Exercise objective: Print the whole listing below exactly as given, pictures excluded.

*** Opening of Input data ***

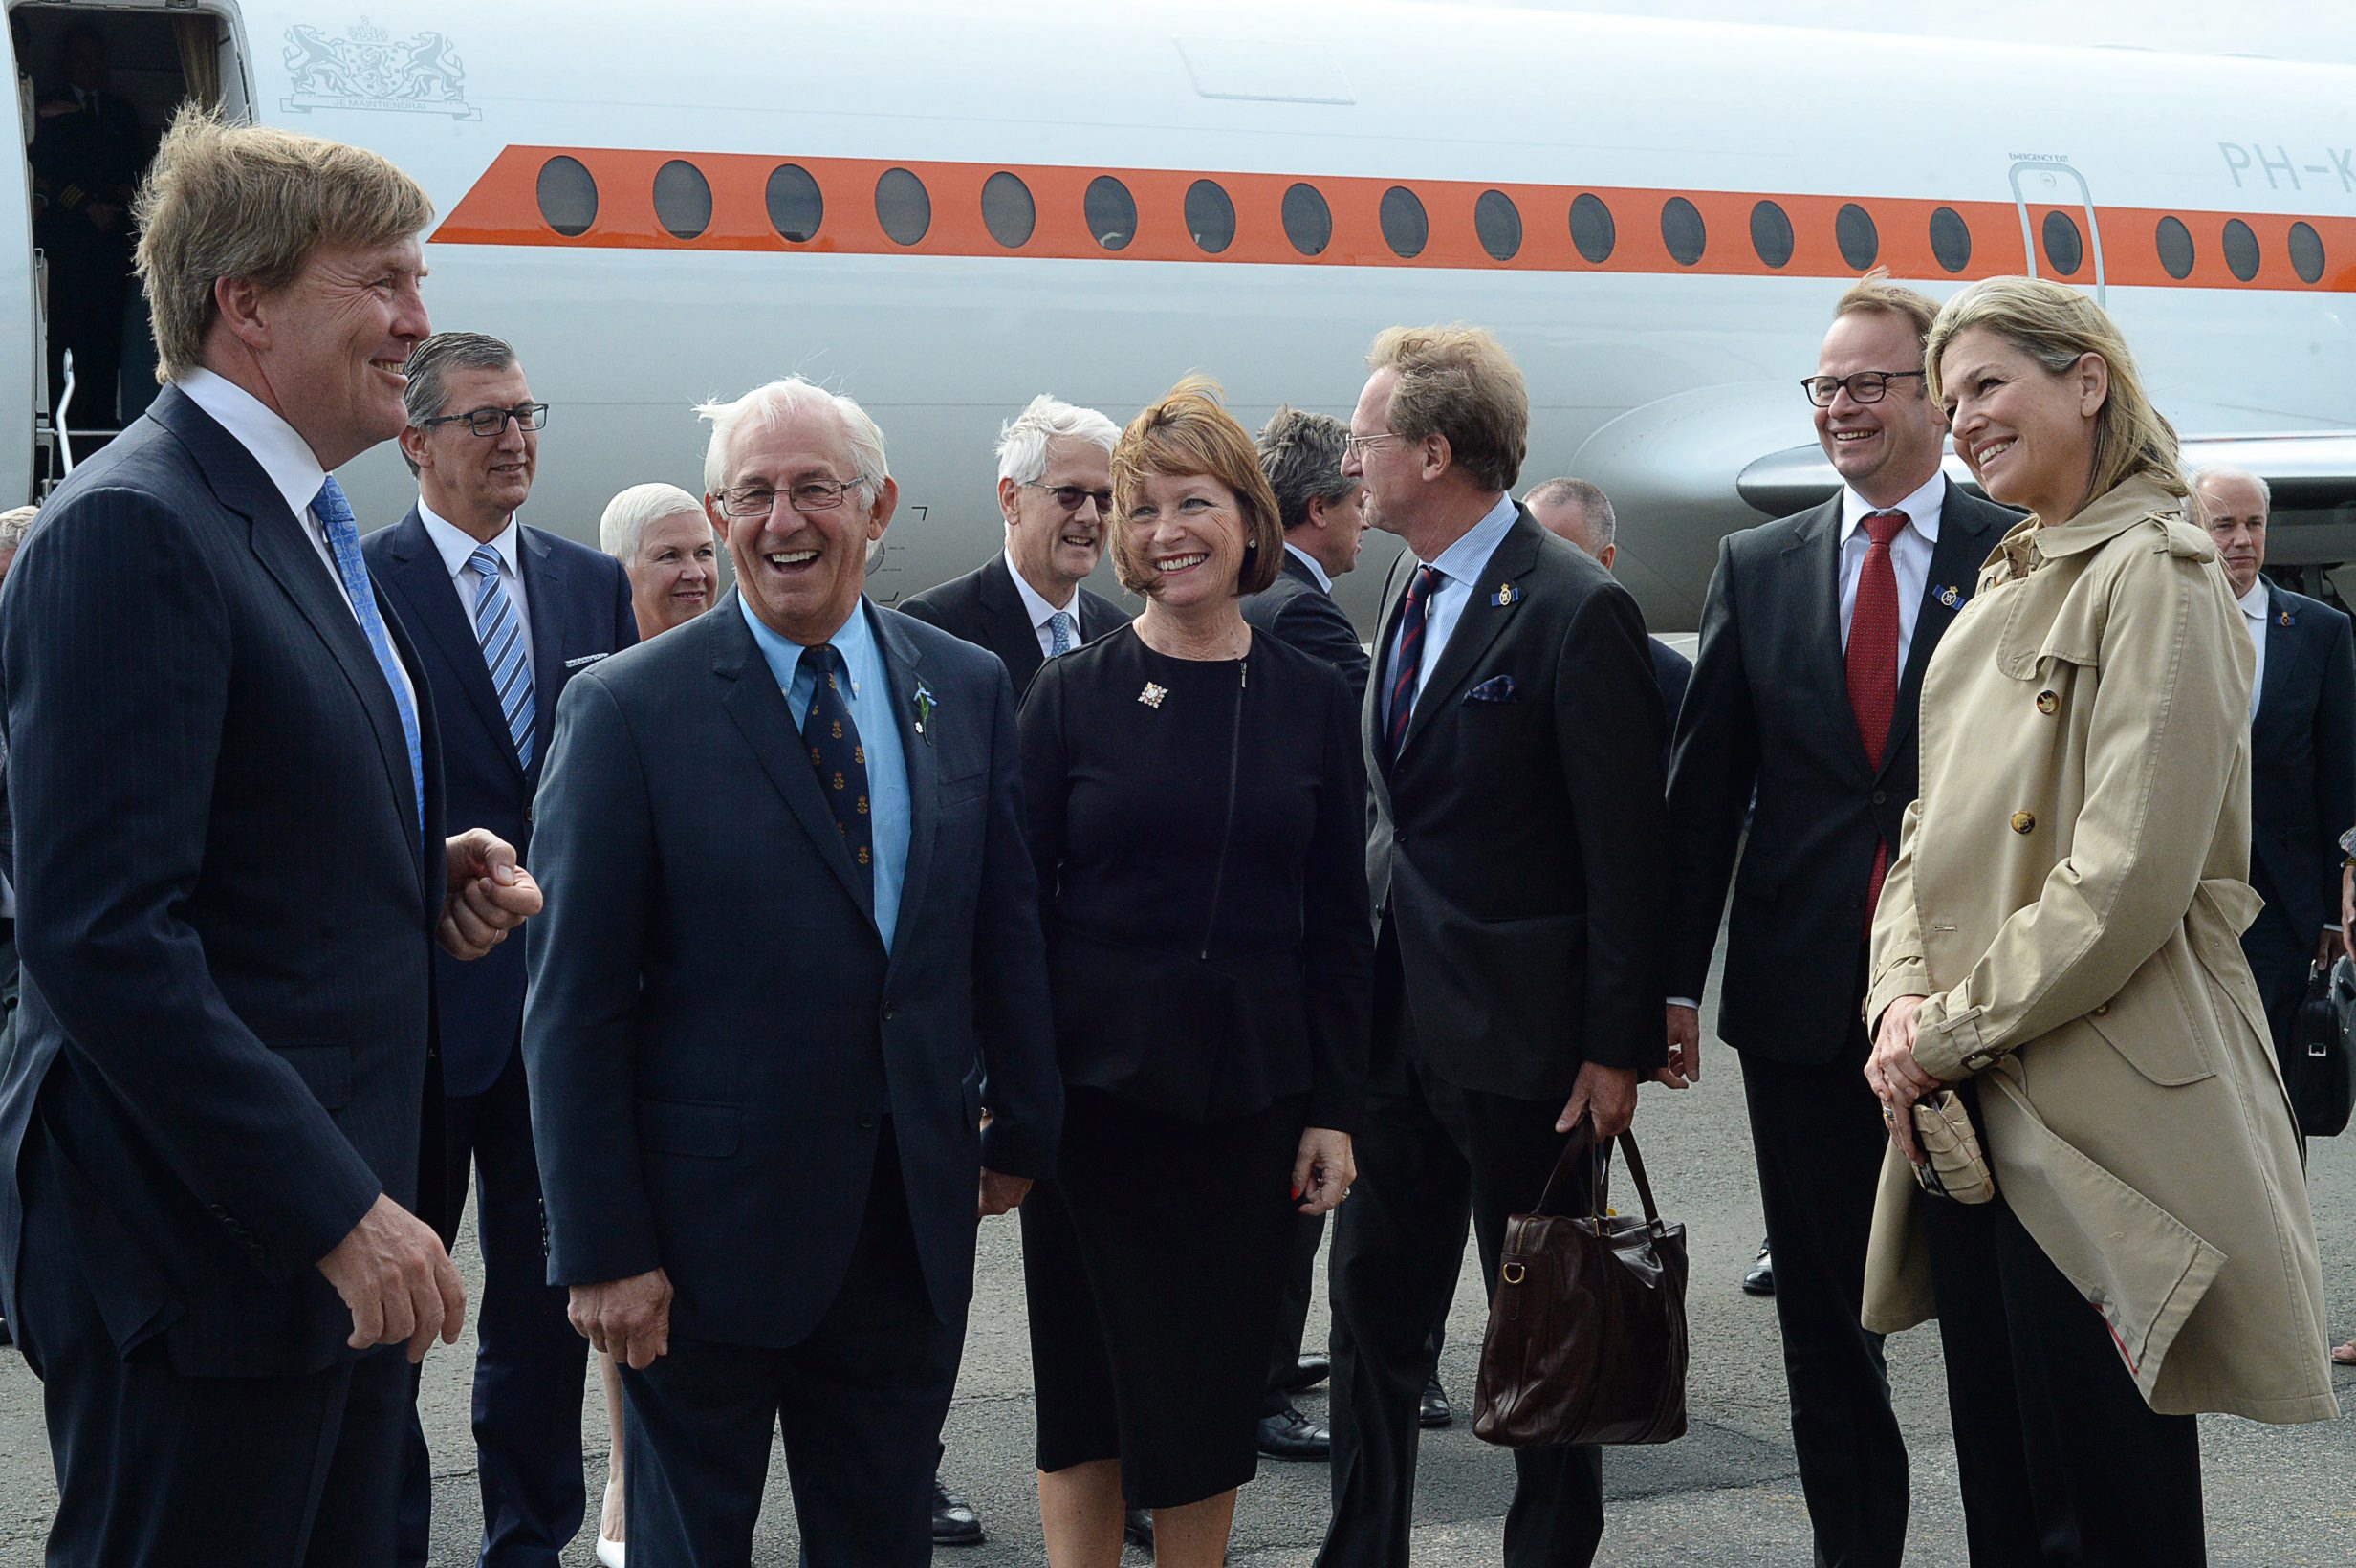 King Willem-Alexander, left, and Queen Maxima, right, of the Netherlands, are greeted by Newfoundland and Labrador Lieut-Gov. Frank Fagan, second from left, and his wife Patricia as they arrive at St. John's International Airport, Tuesday, May 26, 2015, in St John's, Newfoundland. (Joe Gibons/St. John's Telegram via The Canadian Press via AP, Pool)
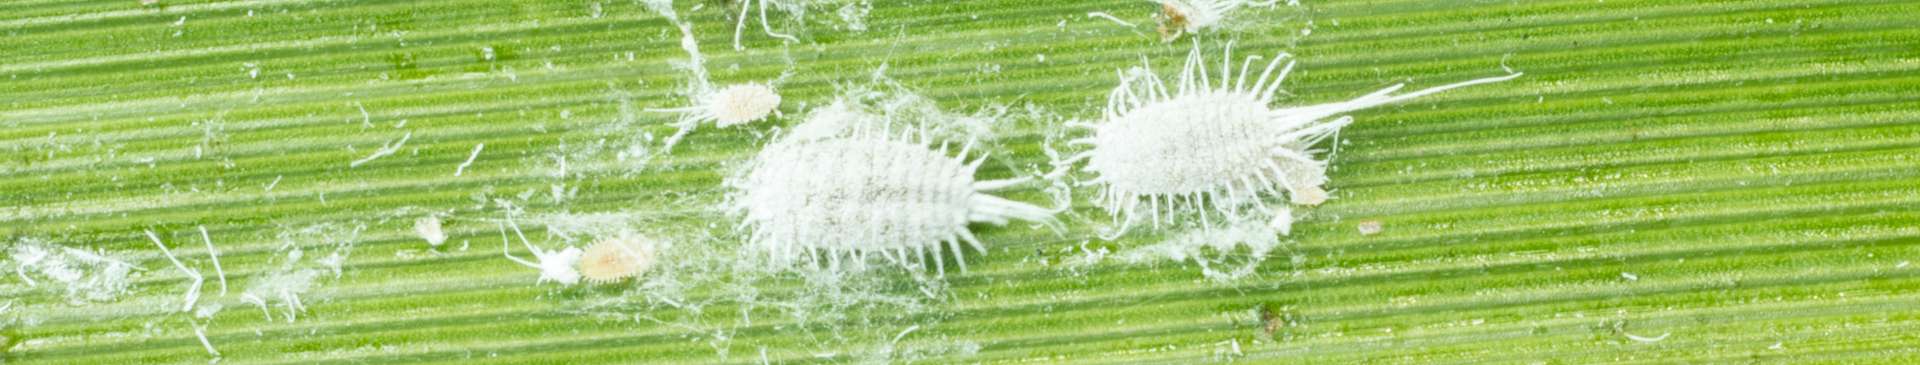 Mealybugs: First Aid for Mild and Severe Infestations
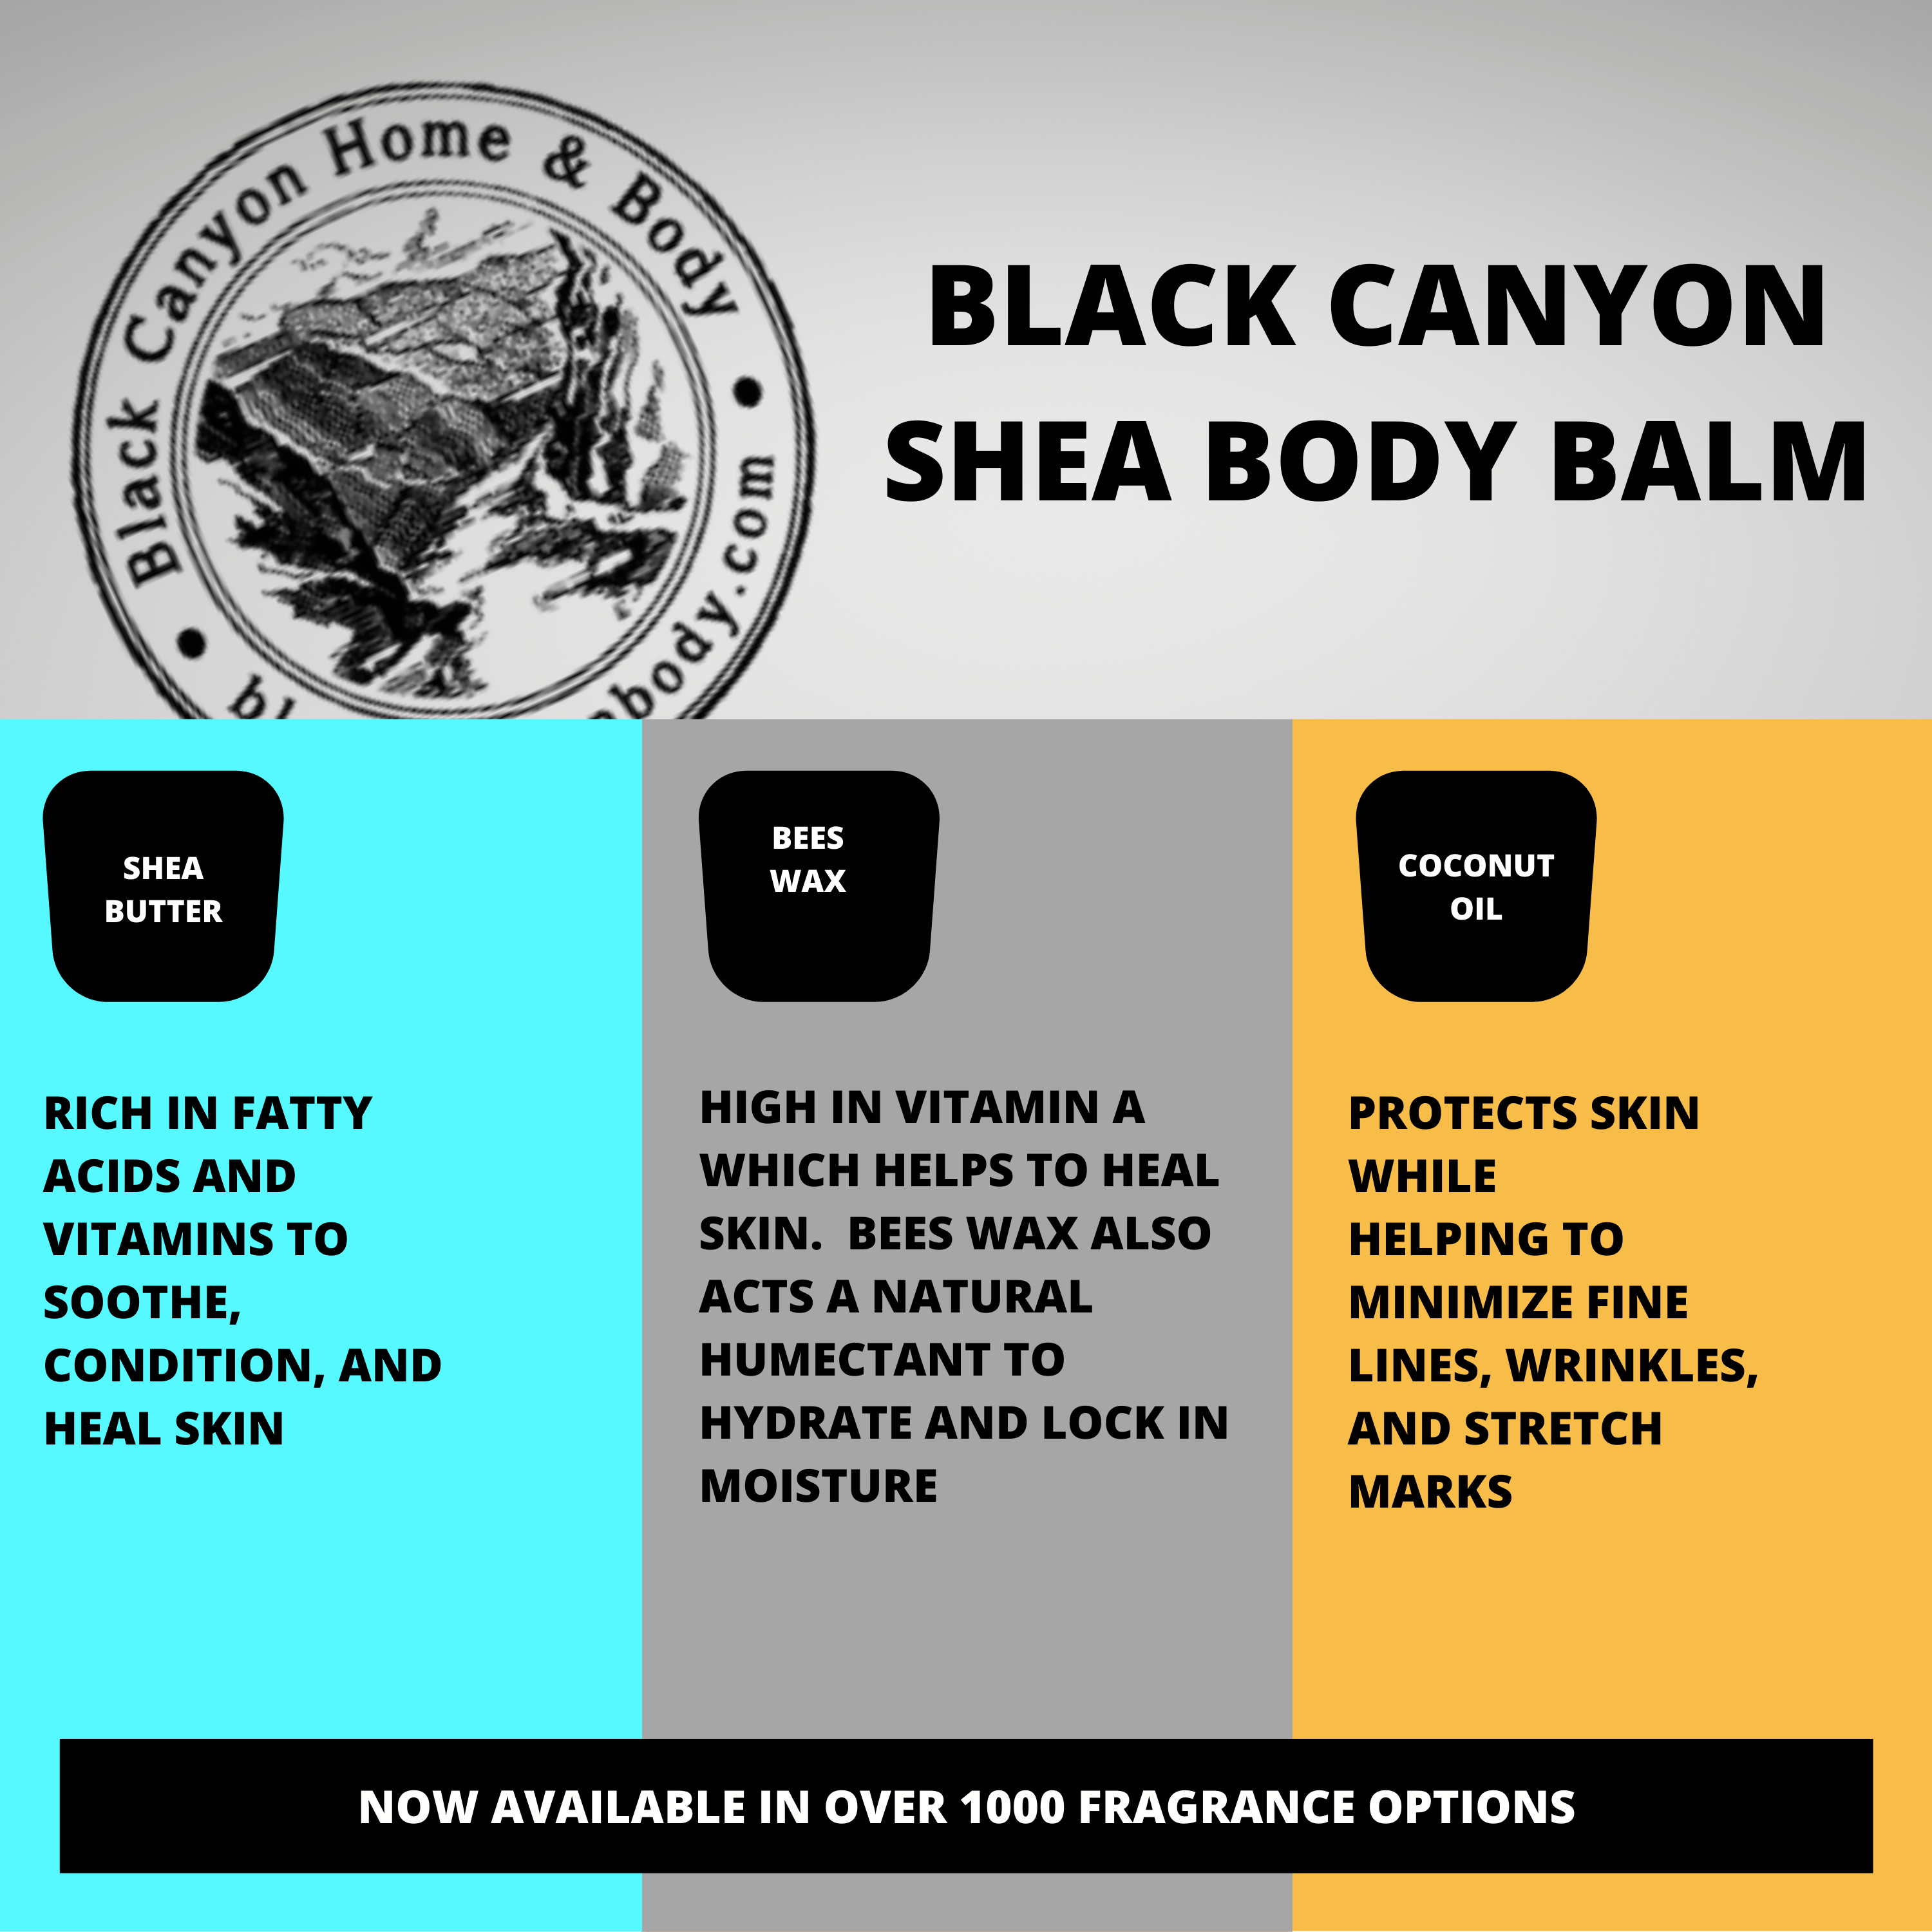 Black Canyon Apple & Blackberry Rose Scented Natural Body Balm with Shea

*** Close of Input data ***

Solution to this exercise:
 King Willem-Alexander, left, and Queen Maxima, right, of the Netherlands, are greeted by Newfoundland and Labrador Lieut-Gov. Frank Fagan, second from left, and his wife Patricia as they arrive at St. John's International Airport, Tuesday, May 26, 2015, in St John's, Newfoundland. (Joe Gibons/St. John's Telegram via The Canadian Press via AP, Pool)
 Mealybugs: First Aid for Mild and Severe Infestations
 Black Canyon Apple & Blackberry Rose Scented Natural Body Balm with Shea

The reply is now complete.